Jesse Yates edited this page Oct 9, 2013 · 18 revisions

Secondary indexes are an orthogonal way to access data from its primary access path. In HBase, you have a single index that is lexicographically sorted on the primary row key. Access to records in any way other than the way the primary row is specified requires a full table scan, unless you have an index on the columns you are querying. Phoenix is particularly powerful in that we provide 'covered' indexes - we do not need to go back to the primary table once we have found the index entry. Instead, we bundle the data we care about right in the index rows, saving read-time overhead.

Phoenix supports two main forms of indexing: immutable and mutable indexing. They are useful in different scenarios and have their own failure profiles and performance characteristics. Both indexes are 'global' indexes - they live on their own tables and are copies of primary table data, which Phoenix ensures remain in-sync.

Immutable Indexing

Immutable indexing is supported for rows that are write once; this is common in time-series data, where you log once, but read it multiple times. In this case, the indexing is managed entirely on the client - either we successfully write all the primary and index data or we return a failure to the client. Since the data is immutable, the client can just retry in case of failures.

Mutable Indexing

Often, the rows you are inserting are changing - pretty much any time you are not doing time-series data. In this case, we cannot rely on the client for retries as the data they would insert later is likely to be different (user goes away, external sources are ephemeral, etc.). Instead, we delegate this work to a RegionObserverCoprocessor that ensures all the data is written to the primary and index tables.

All the penalties for indexes occur at write time. We intercept the primary table updates on write (HTable#delete,HTable#put and HTable#batch), build the index update and then sent any necessary updates to all interested index tables.
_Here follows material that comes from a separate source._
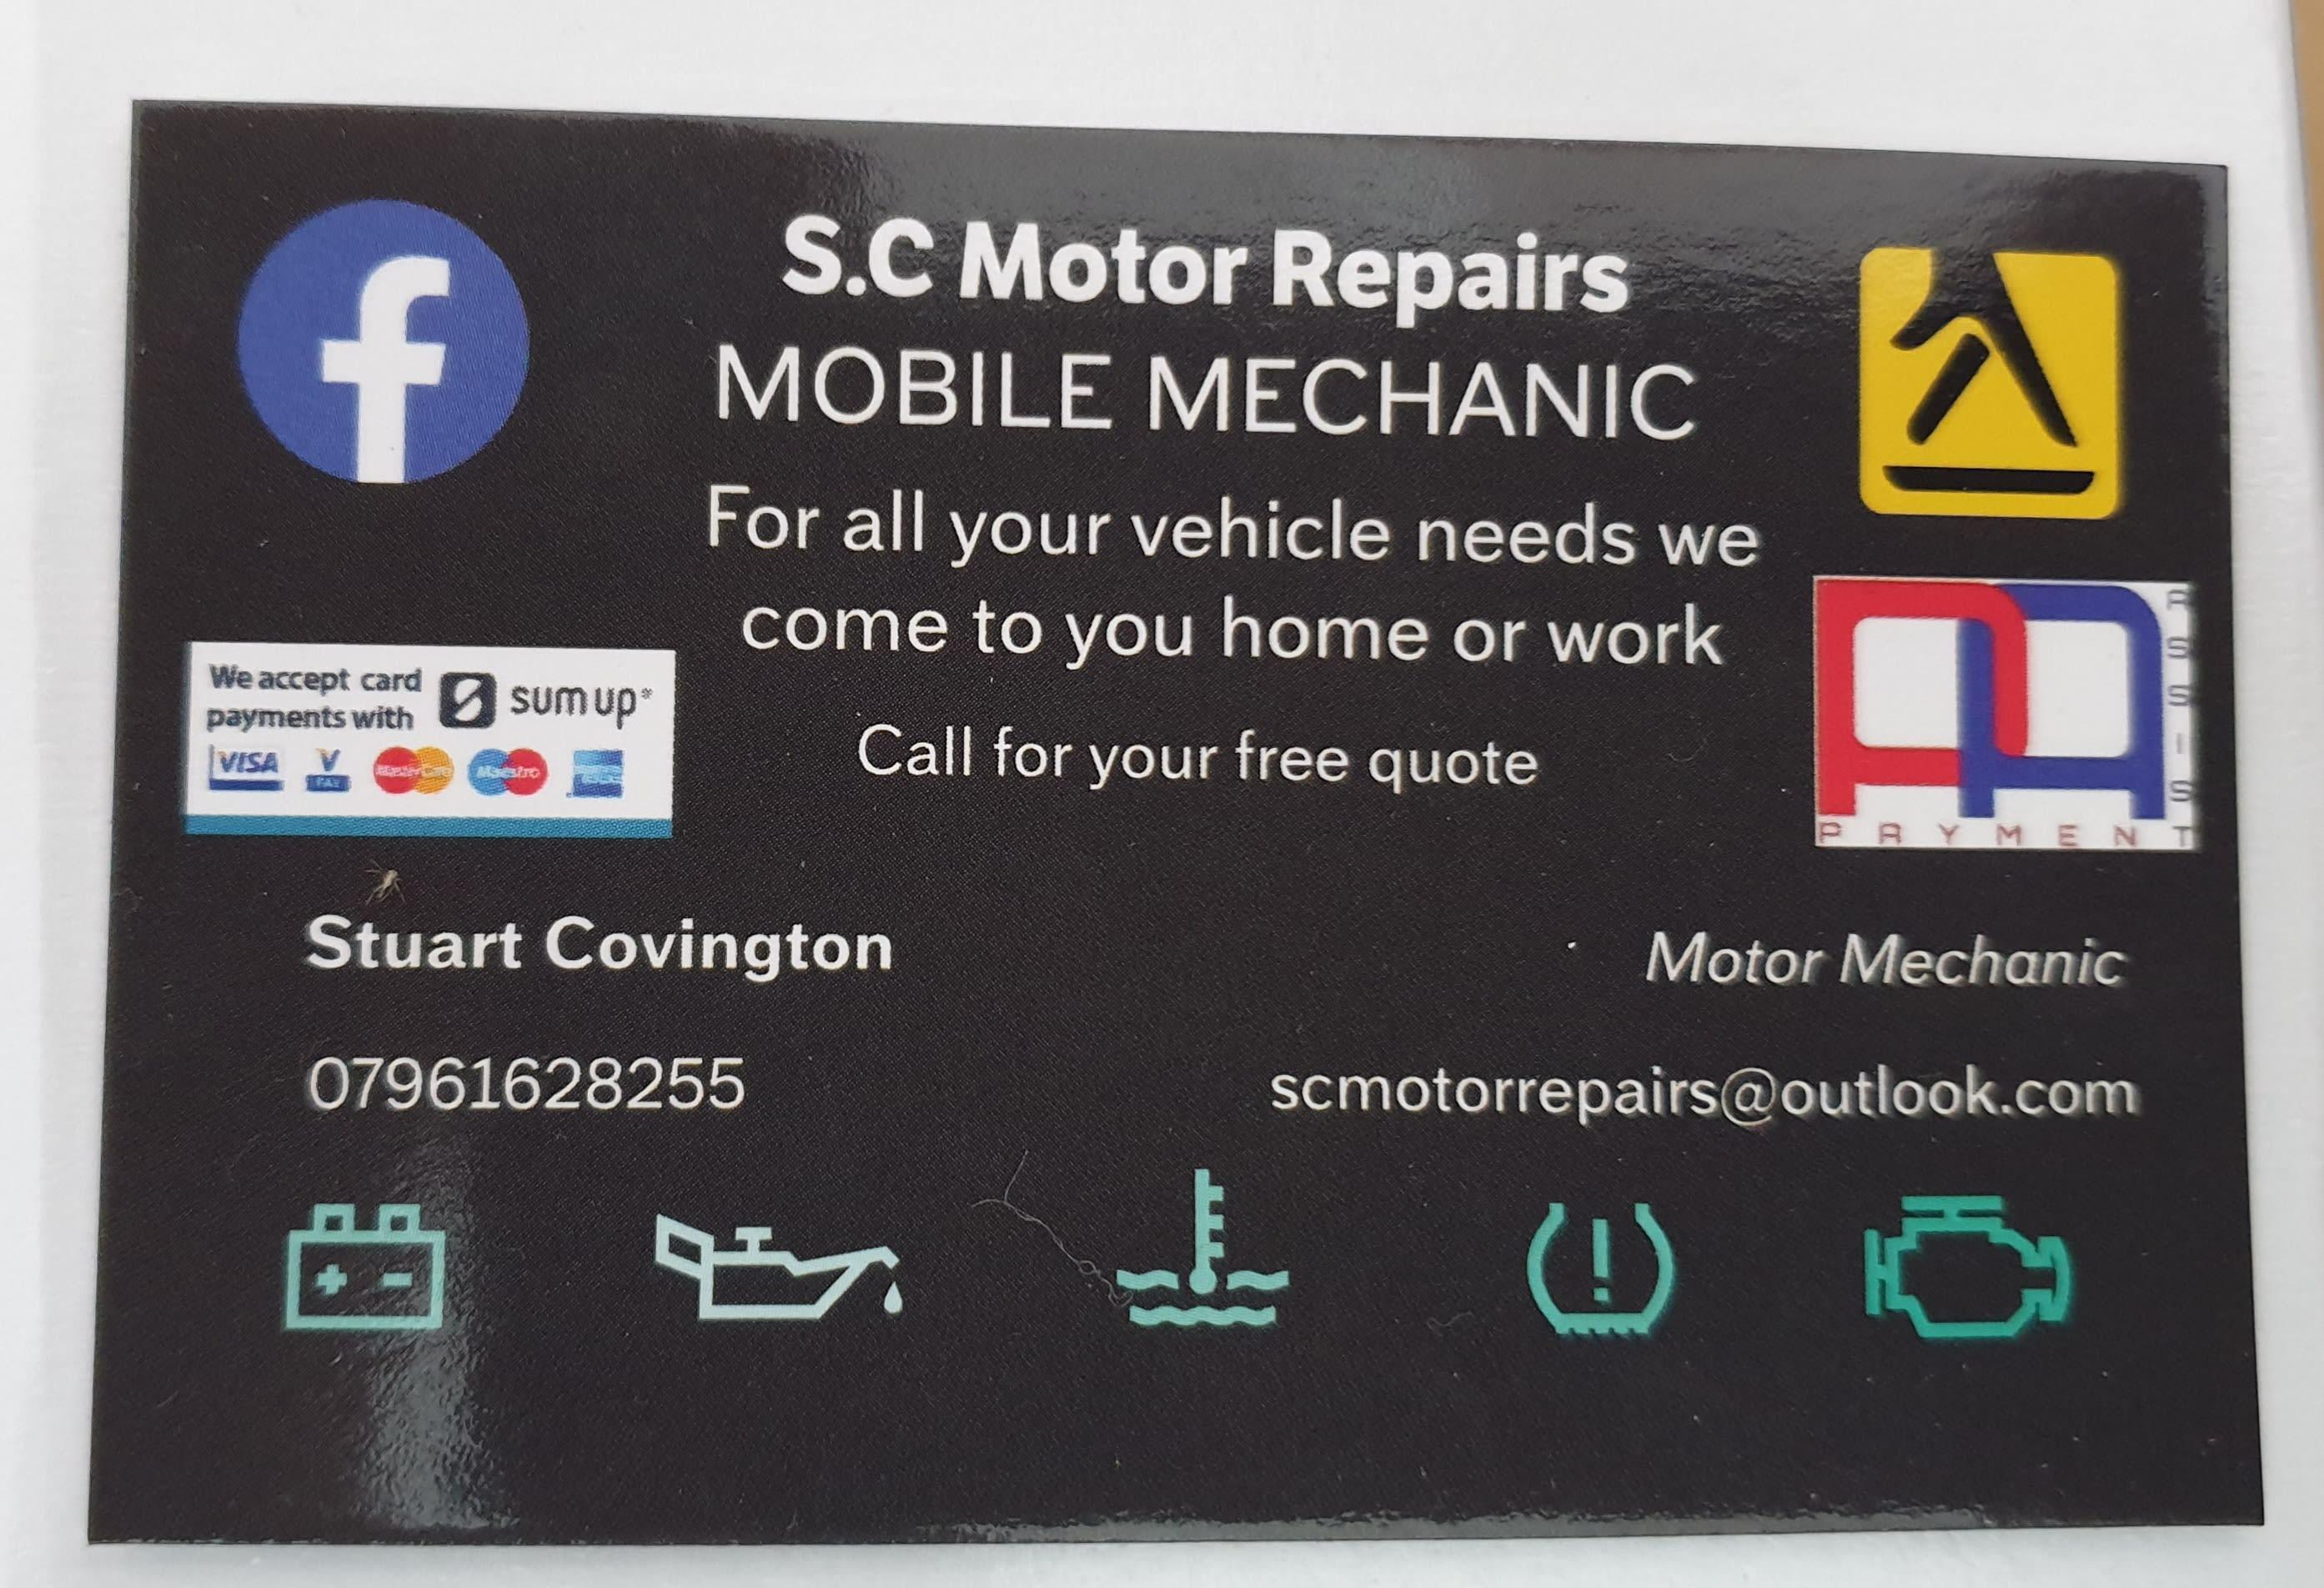 S.C Motor Repairs

At read time, Phoenix will select the correct index table to use and can just directly scan it like any other HBase table.

NOTE: We do not support increment or append operations at this time in the generic indexing framework. This does not impact Phoenix, which currently only supports HBase Put and Delete operations.
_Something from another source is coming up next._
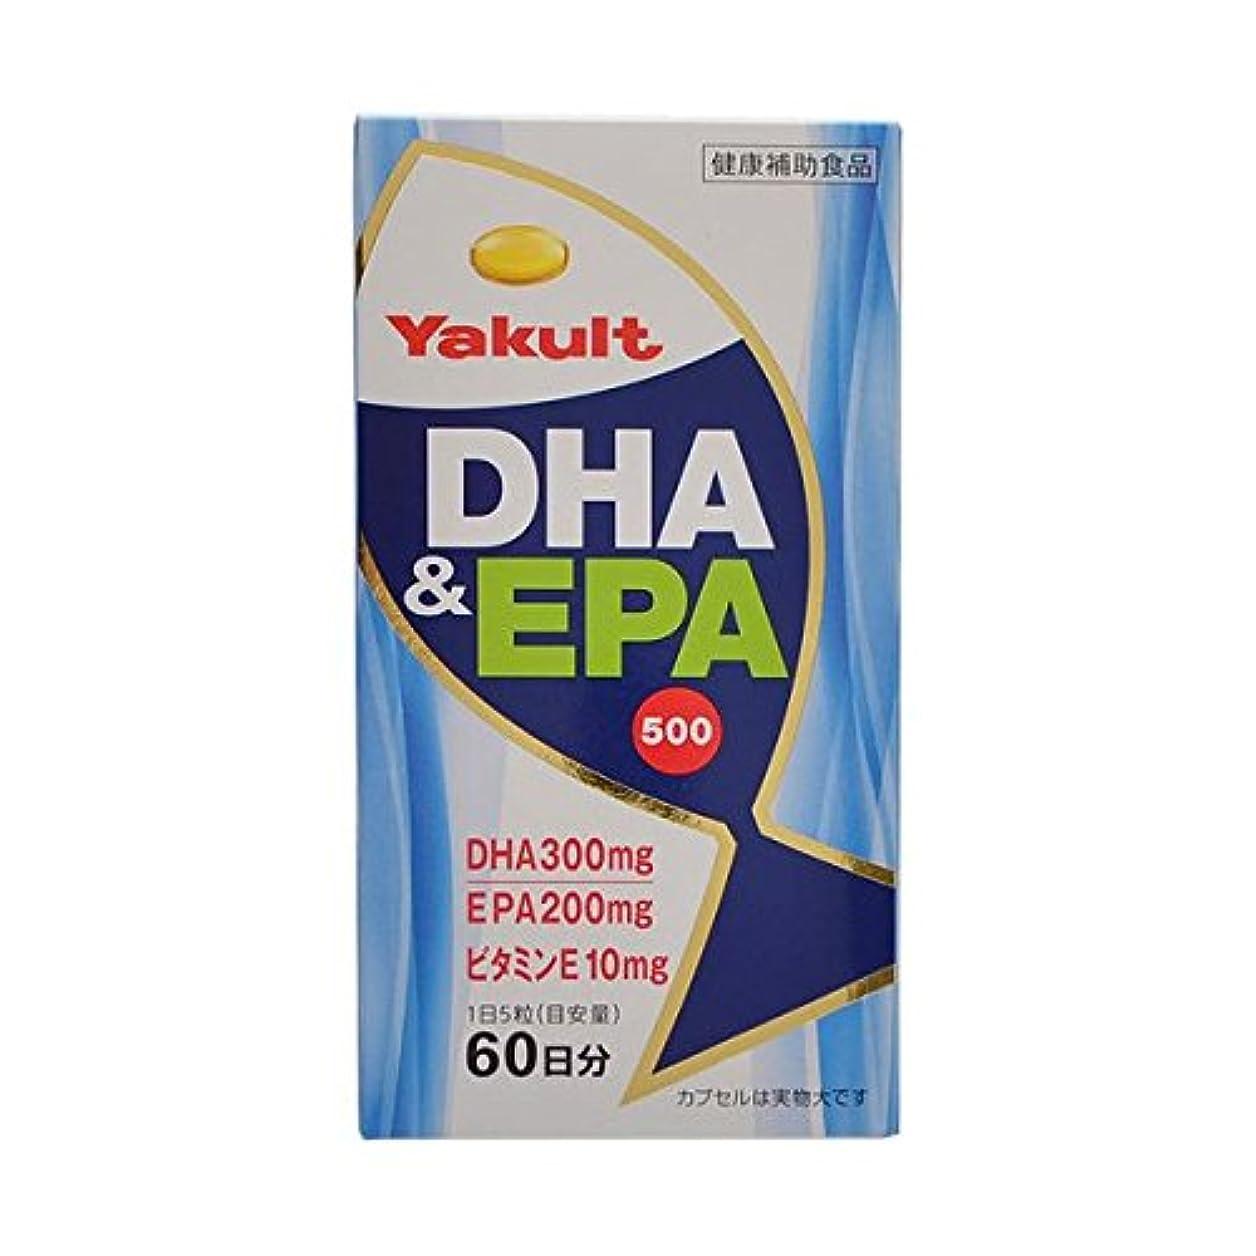 グレートオークちょっと待って回路ヤクルト DHA&EPA500 430mg×300粒【2個セット】

Data Guarantees and Failure Management

On successful return to the client, all data is guaranteed to be written to all interested indexes and the primary table. Updates are an all-or-nothing proposal, with a small gap of being behind. From the perspective of a single client, it either thinks all-or-none of the update worked.

We maintain index update durability by adding the index updates to the Write-Ahead-Log (WAL) entry of the primary table row. Only after the WAL entry is successfully synced to disk do we attempt to make the index/primary table updates. We write the index updates in parallel by default, leading to very high throughput. If the server crashes while we are writing the index updates, we replay the all the index updates to the index tables in the WAL recovery proces and rely on the idempotence of the updates to ensure correctness. Therefore, index tables are only every a single edit ahead of the primary table.

Its important to note several points:

  • we do not provide full transactions so you could see the index table out of sync with the primary table.
  • As noted above, this is ok as we are only a very small bit ahead and out of sync for very short periods
  • all data is guaranteed to to be written or lost - we never see partial updates
  • all data is first written to index tables before the primary table

Singular Write Path

There is a single write path that guarantees the failure properties. All writes to the HRegion get intercepted by our coprocessor. We then build the index updates based on the pending update (or updates, in the case of the batch). These update are then appended to the WAL entry for the original update.

If we get any failure up to this point, we return the failure to the client and no data is persisted or made visible to the client.

Once the WAL is written, we ensure that the index and primary table data will become visible, even in the case of a failure.

  • If the server does not crash, we just insert the index updates to their respective tables.
  • If the server does crash, we then replay the index updates with the usual WAL replay mechanism ** If any of the index updates fails, we then fail the server, ensuring we get the WAL replay of the updates later.

Enforcing WAL Replay

Currently, there is a single failure policy for managing index write failures, the Kill Server On Failure Policy. If any of the index updates fails, this policy will attempt to abort the server immediately. If the abort fails, we call System.exit on the JVM, forcing the server to die. By killing the server, we ensure that the WAL will be replayed on recovery, replaying the index updates to their appropriate tables.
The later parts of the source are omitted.